Towards Auto Contract Generation and Ensemble-based Smart Contract Vulnerability Detection
Keywords:Blockchain, Smart Contract Vulnerabilities, Ethereum, Machine Learning, Ensemble Model, BPMN
Smart contracts (SC) are computer programs that are major components of Blockchain. The "intelligent contract" is made up of the rules accepted by the parties concerned. When the transactions started by the parties obey these established rules, then only their transactions will be completed without the involvement of a third party. Because of the simplicity and succinct nature of the solidity language, most smart contracts are written in this language.
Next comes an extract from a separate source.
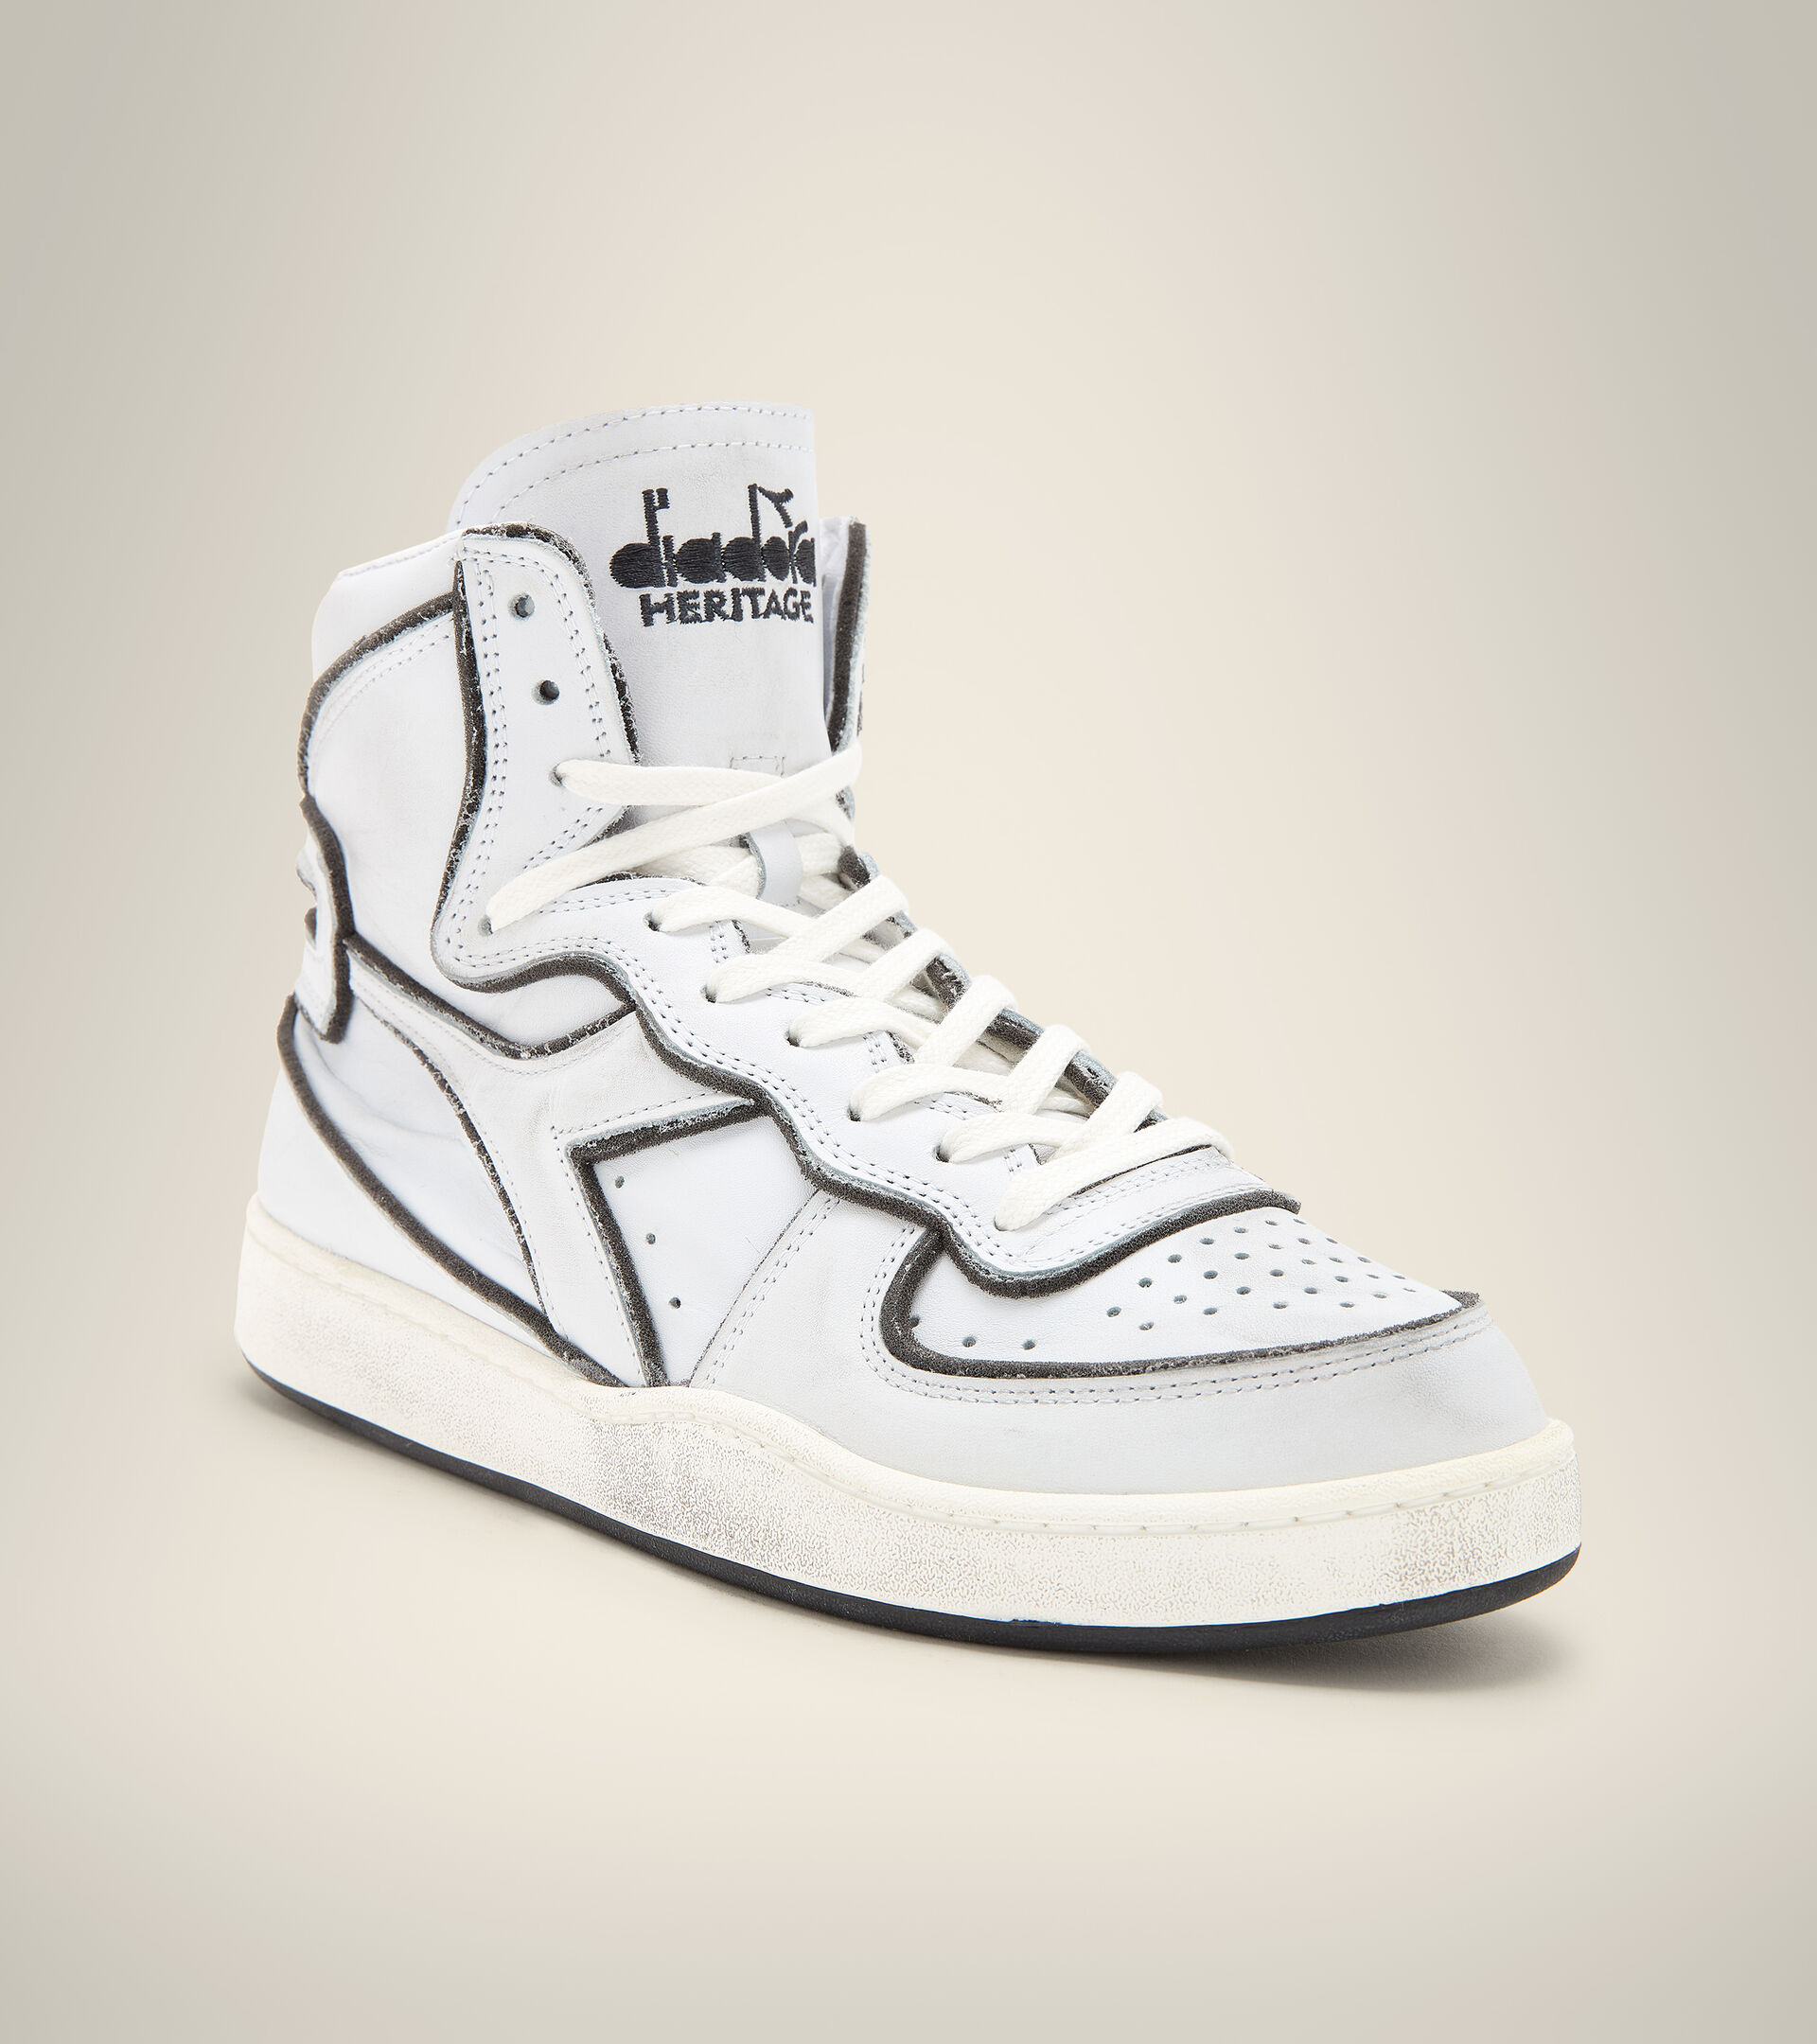 Heritage shoes - Unisex MI BASKET FRAME USED WHITE/WHITE/BLACK - Diadora

Smart contracts have two limitations, which are vulnerabilities in SC and that smart contracts can't be understood by all stakeholders, especially non-technical people who are involved in the business, since they are written in a programming language. Hence, the proposed paper used the XGBoost model and BPMN (Business Process Modeling Notation) tool to solve the first and second limitations of the SC respectively. Attackers are drawn to attention because of the popularity and fragility of the Solidity language. Once smart contracts have been launched, they can’t be changed. If that smart contract is vulnerable, attackers may then cash it. BPMN is used to represent business rules or contracts in graphical notation, so everyone involved in the business can understand the business rules. This BPMN diagram can be converted into a smart contract template through the BPMN-SOL tool. A few publications and existing tools exist on smart contract vulnerability detection, but they require more time to forecast and interpretation of vulnerability causes is also difficult. Thus, the proposed model experimented with several deep learning approaches and improved F1 score results by an average of 2% using the XGBoost model based on the ensemble technique to detect vulnerabilities of SCs, which are: Denial of Service (DOS), Unchecked external call, Re-entrancy, and Origin of Transaction. This paper also combined two important features to construct a data set, which are code snippets and n-grams.